По дороге обратно все было как обычно. Ты спала до самого дома, а я думал о тебе, и мысли мои были черны и безрадостны.

И видел я сверху все линию жизни своей, и знал наверняка, что нет тебя в будущем моем, что произойдут ужасные вещи, и жизнь моя разрушится, и окажусь я в начале пути, обездоленный и без права на надежду.

Мысль о том, что моя Лилит будет принадлежать кому-то другому, взрывала мой мозг, и превращала мою любовь в кару Господню, а нашу судьбу в череду событий, подробно описанных в Книге.

Обреченные на любовь, мы беззащитны перед теми, кого любим.

Порой одного из нас это любовь вовлекает в порочный круг ненависти, разрушающей твою личность до основания, до самого дна, где нет ничего, кроме мрака и безысходной тоски.

Ты любишь и ненавидишь, балансируя на грани яви и сна, разума и безумия, падая вверх в лучах света Черной Луны.

Мягкий, но настойчивый шепот ее отключает все мысли, и открывает шлюзы, затем поток иформации затопляет мозг и, – бум: происходит перезагрузка, и новые программы загружаются в центральный процессор, строя новую перефирию внутри тебя, делая другим, смертельно непохожим того, кем ты был на самом деле.

Лилит, Лилит, моя Черная Луна13, любовь моя и ненависть, жизнь моя и смерть моя. Зачем я повстречал тебя однажды, и превратил свою жизнь в кромешный ад доверия и подозрений, безумной страсти и жажды смерти?


Я давно находился дома и, сидя на подоконнике, бездумно глядел вниз на снующих торговцев, заполонивших кривые улочки Иерусалима. Вот прошли римские легионеры, ведущие перед собой закованных в цепи рабов, кричавшив что-то в толпу на арамейском языке, толпа колыхалась как вода, в ней возникали волны и водовороты, из которых в рабов летели кости и проклятья. Густой и желтый от пыли и жары воздух с трудом проходил в легкие, заполняя их до отказа черной тоской и горькими, как поцелуй смерти, предчувствиями.

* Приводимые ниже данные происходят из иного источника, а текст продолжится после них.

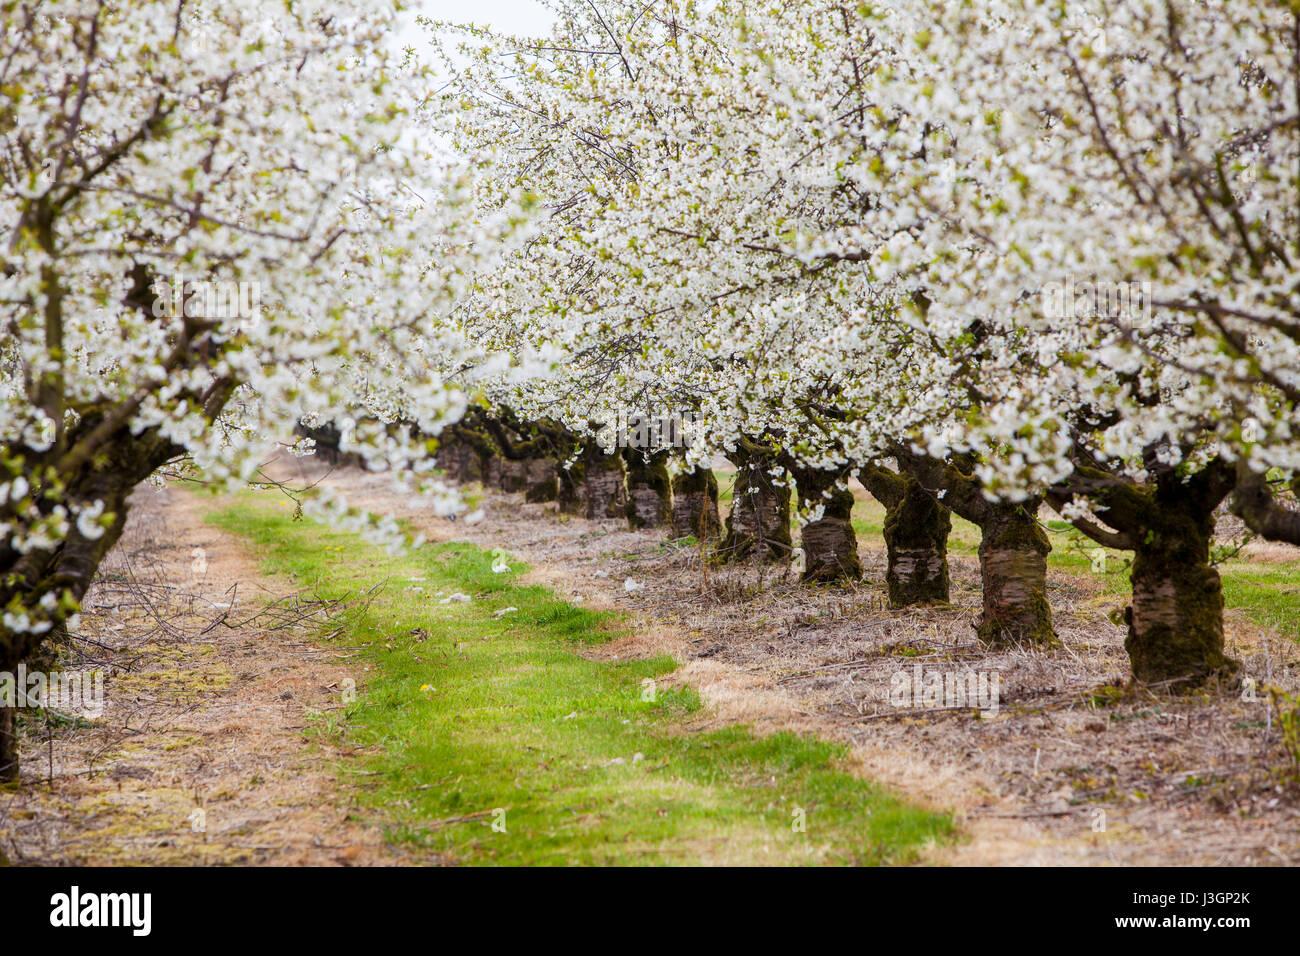 Blossoming cherry (Prunus sp.) trees in spring, Weserbergland, Hesse, Germany, Europe Stock Photo

Вдруг вдалеке в наступающих сумерках, когда благодатная прохлада, опускаясь на город, вытесняет грусть из сердца, на углу Пречистенки и Гоголевского бульвара я увидел твою тонкую, сотканную из радости фигуру, идущую к дому. Остановившиеся вмиг машины, пропустили тебя, и ты, перейдя улицу, посмотрела наверх и, увидев меня, радостно улыбнулась и вошла в подъезд.

Днем в маленьком парке больницы было многолюдно, в воскресенье родственники навещали пациентов. Честно говоря, и тех, и других трудно было отличить друг от друга, потому что они все болтали как заведенные о какой-то чепухе. Глаза их горели, и невысказанные мысли и чувства роились вокруг голов, как осы, жаля врачей и медсестер, которые падали замертво и тут же оживали, отряхиваясь, как бычки на пастбище, недоуменно смотря по сторонам.

Я сидел на лавочке под раскидистым дубом, и, глубоко вдыхая дым сигареты, думал о вечном, как навозная куча у колхозного коровника, вопросе: что делать дальше?

Оставаться в больнице и постигать таинство перерождения под руководством доктора дзен-буддиста, называемого мной доктор Менгеле14 за страсть к проведению диких опытов над пациентами, или вульгарно дернуть через забор и затерятся в сомнениях больших городов, дабы самому отыскать решение непростого вопроса бытия в качестве вновь образовавшегося члена гражданского общества?

Видимо, укушенный моей нетленной мыслью доктор решил не искушать судьбу и, лихо отплясывая чарльстон, подошел ко мне, взял под локоток, под стройные крики медперсонала: «О МАНЕ ПАДМЕ ХУМ»15, повлек меня в заветную палату, стены которой были обиты остатками пробковых шлемов великих путешественников, бормоча невнятные ругательства и призывы к соответсвию карме, которая, как известно, шутить не любит, и требует безусловного повиновения.

Водворенный в палату, и посаженный под замок, я немедленно вышел через стену в свою квартиру на бульваре ровно в тот сладостный момент, когда открылась входная дверь и Лилит, счастье и боль всей моей никчемной жизни, оказалась в моих объятьях.

Дрожь волной прокатилась по моему телу, я застыл, как фаллический символ древних греков, и, вскрикнув, весь погрузился в нее, свернувшись, словно тугая пружина, внутри ее благословленного тела.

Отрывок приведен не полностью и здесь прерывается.